Thursday, January 04, 2007

The Matter of Truth, the Matter of Matter: Which Matters More? Part XIII

Because I do not want this line of thought to die, I am going to stammer out another few comments about the “thought of the outside.”

If Deleuze was sincere in his positive comments about stammering, he’d have to be delighted with me – stammering is about all that I can do.

I am in a peculiar situation.

I place a very heavy theoretical weight upon this “thought of the outside.” I think it has enormous practical, ethical, and psychological consequences.
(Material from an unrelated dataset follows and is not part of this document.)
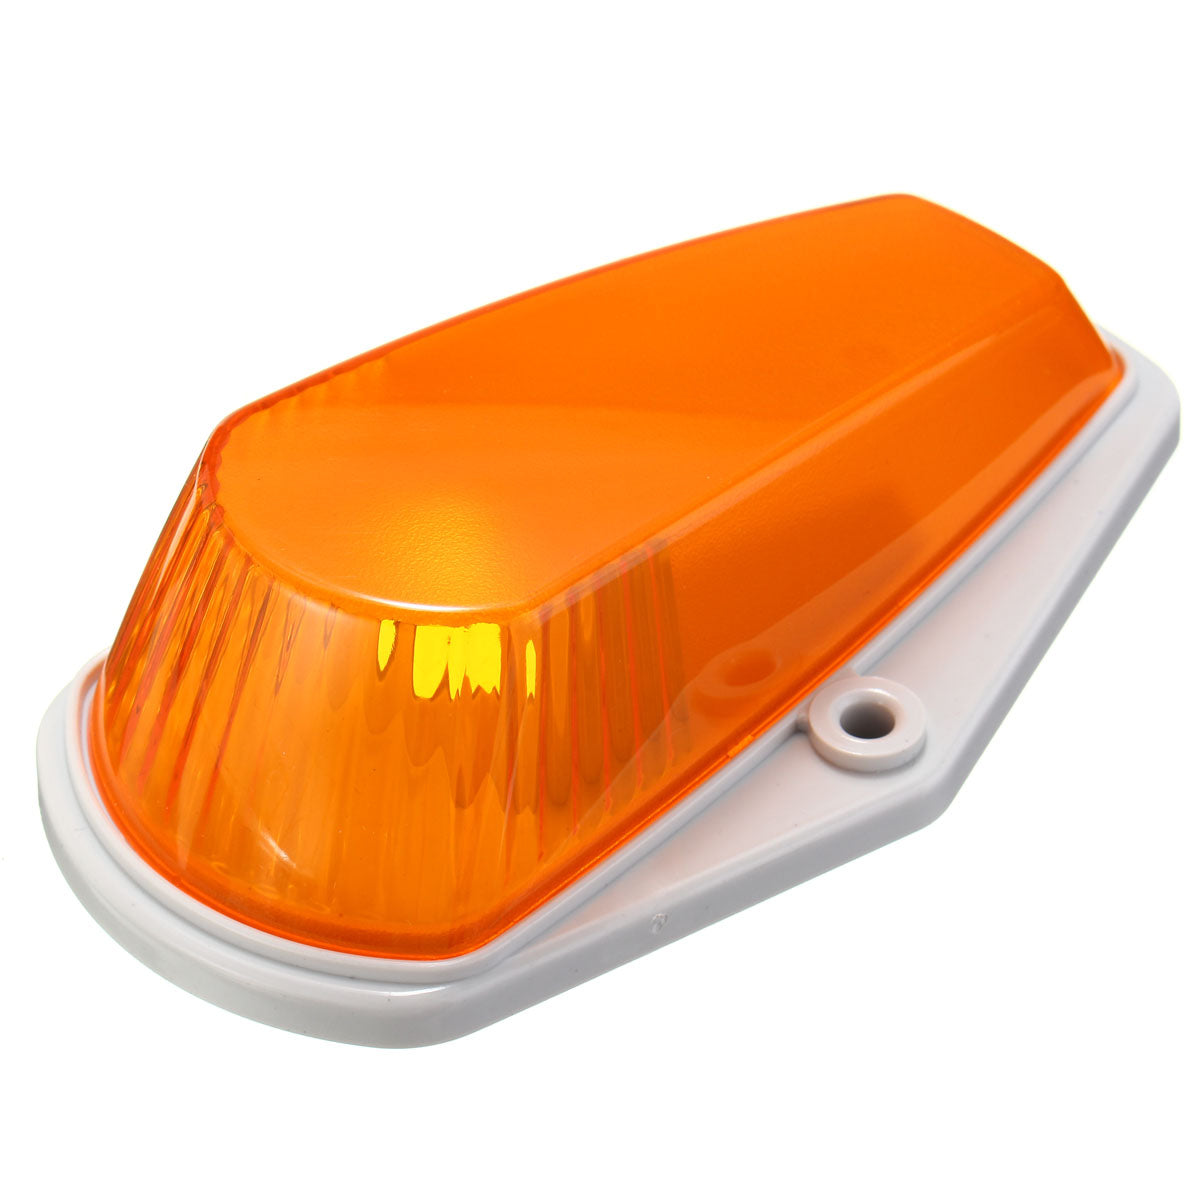 Dark Orange 5pcs Roof Light Housing with T10 Marker Clearance Lamp Amber for Ford Pickup

I think that the “thought of the outside”, if it can be understood in some utterly material and pragmatic way, will help us find a way out of our shared maladies of narcissism, imperialism, and hegemonic policies, ( which, by the way, I see as intimately inter-related and re-enforcing.)

But – even though I place this heavy emphasis on it, it is entirely vague. I even worry that it is sheer nonsense, and that rather than providing some way out of narcissism and the rest, it is really just another pernicious symptom of " narcissism and the rest" continuing on in my own thinking.

What of this “thought of the outside”?

What if that’s just a crude spatial metaphor that acts as a kind of placeholder concept?

What if it is the resurgence, within the oeuvre of Deleuze-Guattari-Foucault, of the mystical, of the transcendental, at their most virulent, fly-bottle-baiting worst? The return of wishful and fanciful thinking, of fantasy posing as theory, of romanticism posing as realism of the highest and hardest order?

This is a terrible fear of mine – that at that point where I am most convinced that I am reaching out, most convinced that I am touching reality, I am in fact most self-entwined and self-infatuated, most mirror and navel gazing.

Then, the “thought of the outside” is the deepest and sickest manifestation of introspection. My maps aren’t maps at all – they are metaphors—metaphors serving as projection screens for the cinema of my interiority.

Leave that aside for a moment.

I want to connect the “thought of the outside” with this thought: the idea that theory is practice. As Foucault said, “theory does not express, translate, or serve to apply practice: it is practice.” If I can get away with this connection, then I can go forth and not worry that theory is a practice of totalization, being instead assured that theory is a practice of multiplying potentialities.

Lenin thought so. But so what?

Can I get away with that connection?

It matters to me that associated with William James’s philosophical differentiation culminating in his version of pragmatism was a political differentiation from a xenophobic, self-righteous, and class-based exclusionary politics unfolding and changing into his passionate and engaged involvement with the New England Anti-Imperialist League.

William James ended up thinking that theory was practice.

William James ended up with an idea of an America and a democratic political practice which wasn’t totalizing or imperialistic.

It didn’t, alas, pick up much in America.

That idea skipped like a stone, across the Atlantic, and then a good many miles inland, to Paris, where it was picked up again, by another generation, of Frenchmen.

But so what? Can any of us get away with these connections? Are they useful? Or useful only as a mirror for self-admiring cowards?